본 발명에 따른 탐색 프로세스는 현재 파티클 집합

와 그 구조적 특성을 반영할 수 있도록 탐색 프로세스에 탐색 바이어스를 적용할 수 있다. 여기에서, 적합도를 계산하는 것을 수식으로 나타내면, 도 2의 수식(4) 또는 아래의 [수학식 5]로 표현될 수 있다.The search process according to the present invention is the current particle set

The search bias can be applied to the search process to reflect the and its structural characteristics. Here, when the calculation of the goodness of fit is represented by a formula, it can be represented by the formula (4) of FIG. 2 or the following [Equation 5].

적합도를 계산하는 [수학식 5]는 세 가지 하위 기준으로 구성된다.

는 파티클 하나를 구성하는 노드간의 거리를 평가한다. 파티클 하나를 구성하는 노드 간의 거리가 너무 클 경우 프레임이 변할 때 파티클 노드의 일부 노드가 사라질 가능성이 있기 때문에 해당 파티클이 충분히 견고하지 않을 가능성이 있다. 그러므로

는 파티클 하나를 구성하는 노드의 평균 거리가 짧은 파티클을 더욱 선호하도록 할 수 있다.

는 파티클 하나의 이미지 표현 능력을 나타낸다.

는 페널티를 의미한다. 만약 어느 한 파티클이 너무 많은 노드를 지니고 있다면 파티클이 너무 자세한 정보를 보유하고 있을 가능성이 있다. 보다 개괄적인 표현 수준을 유지하기 위하여 본 발명은 구성 노드의 수가 적은 파티클을 보다 적극적으로 이용할 수 있다. 협력적인 방식으로 파티클 집합이 이미지를 표현하기 때문에 도 2에 도시된 식 (5)는 파티클 집합

의 함수이다. 반면 적합도는 개별 크로모좀에 적용되기 때문에 식 4는 파티클의

함수이다.Equation 5, which calculates the goodness of fit, consists of three sub-criteria.

Evaluates the distance between nodes that make up a particle. If the distances between the nodes that make up a particle are too large, it is possible that the particles will not be strong enough because some nodes of the particle node will disappear when the frame changes. therefore

May further favor particles having a short average distance of nodes constituting one particle.

Represents the ability of the particle to represent one image.
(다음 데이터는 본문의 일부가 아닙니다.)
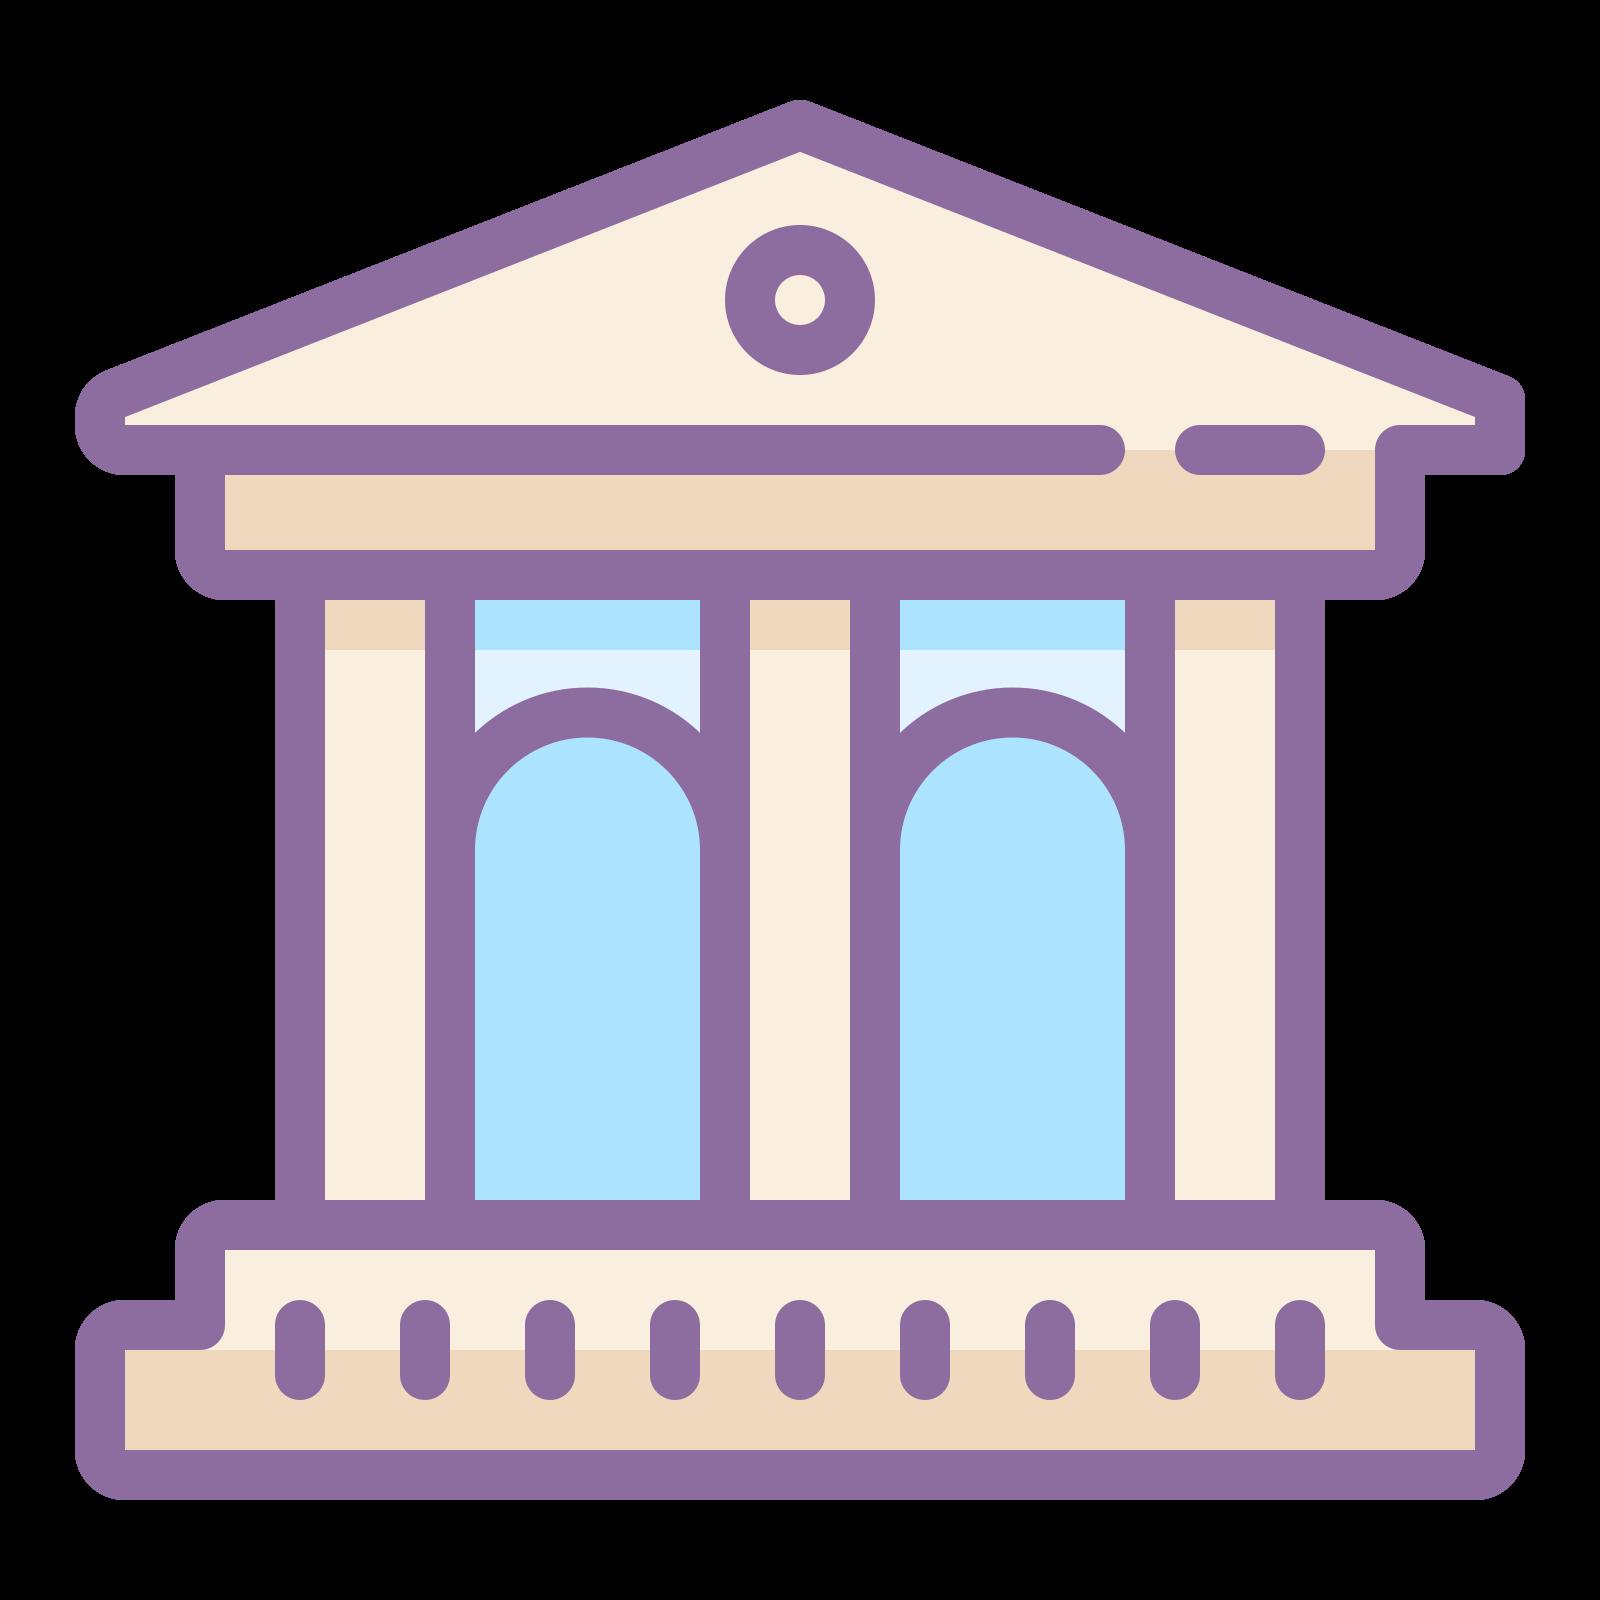 Muzeum icon

Means penalty. If a particle has too many nodes, it is possible that the particle has too much information. In order to maintain a more general presentation level, the present invention can more actively use particles having a small number of configuration nodes. Since the particle set represents an image in a cooperative manner, equation (5) shown in FIG.

. On the other hand, since fitness is applied to individual chromosomes, Equation 4

Function.

실제 기저 분포를 근사하기 위해 파티클 필터링 방법에서는 중요 분포

가 요구될 수 있다. 본 발명에서는

가 아닌 적합도 값[수학식 5]의 분포에 기반하여 파티클을 샘플링할 수 있다. 여기에서, 특정 시점에서 어느 한 파티클 개체군을 구성하는 파티클의 수

는 고정될 수 있다. In order to approximate the actual basis distribution, the particle filtering method has a significant distribution.

May be required. In the present invention,

Particles can be sampled based on the distribution of goodness-of-fit values (Equation 5). Where the number of particles that make up a particle population at any given time

Can be fixed.

새로운 파티클들은 진화를 통해 만들어지므로, 파티클 필터링에서 재샘플링을 과도하게 하면 개체군 퇴보(degeneracy)의 현상이 발생할 수 있다. 이를 해결하기 위하여, 본 발명은 유전 연산자를 통해 새로운 파티클을 도입하여 개체군 퇴보 문제를 해결할 수 있다. 이를 수식으로 표현하면, [수학식 6]과 같이 표현될 수 있다.Since new particles are created through evolution, excessive resampling in particle filtering can lead to degeneracy. In order to solve this problem, the present invention can solve the problem of population degeneration by introducing new particles through genetic operators. If this is expressed as an equation, it may be expressed as shown in [Equation 6].

고정된 개체군 크기(

)를 유지하기 위하여 유전 연산자 결과물과 부모 세대 개체군의 적합도를 이용하여 새로운 개체군이 구성된다.Fixed population size (

In order to maintain), a new population is constructed using the fit of the genetic operator output and the parent generation population.

파티클 집합이 이미지의 주요 특성을 지니고 있기 때문에, 이미지 재생성 과정을 주어진 파티클 집합이 이미지를 재생성할 우도를 최대화로 만들어내는 이미지 탐색 과정으로 설명할 수 있다. 이러한 탐색 과정을 수식으로 표현하면, [수학식 7]과 같이 표현될 수 있다.Because particle sets have the main characteristics of an image, the process of regenerating an image can be described as an image search process in which a given particle set maximizes the likelihood to recreate an image. When the search process is expressed by an equation, it may be expressed as shown in [Equation 7].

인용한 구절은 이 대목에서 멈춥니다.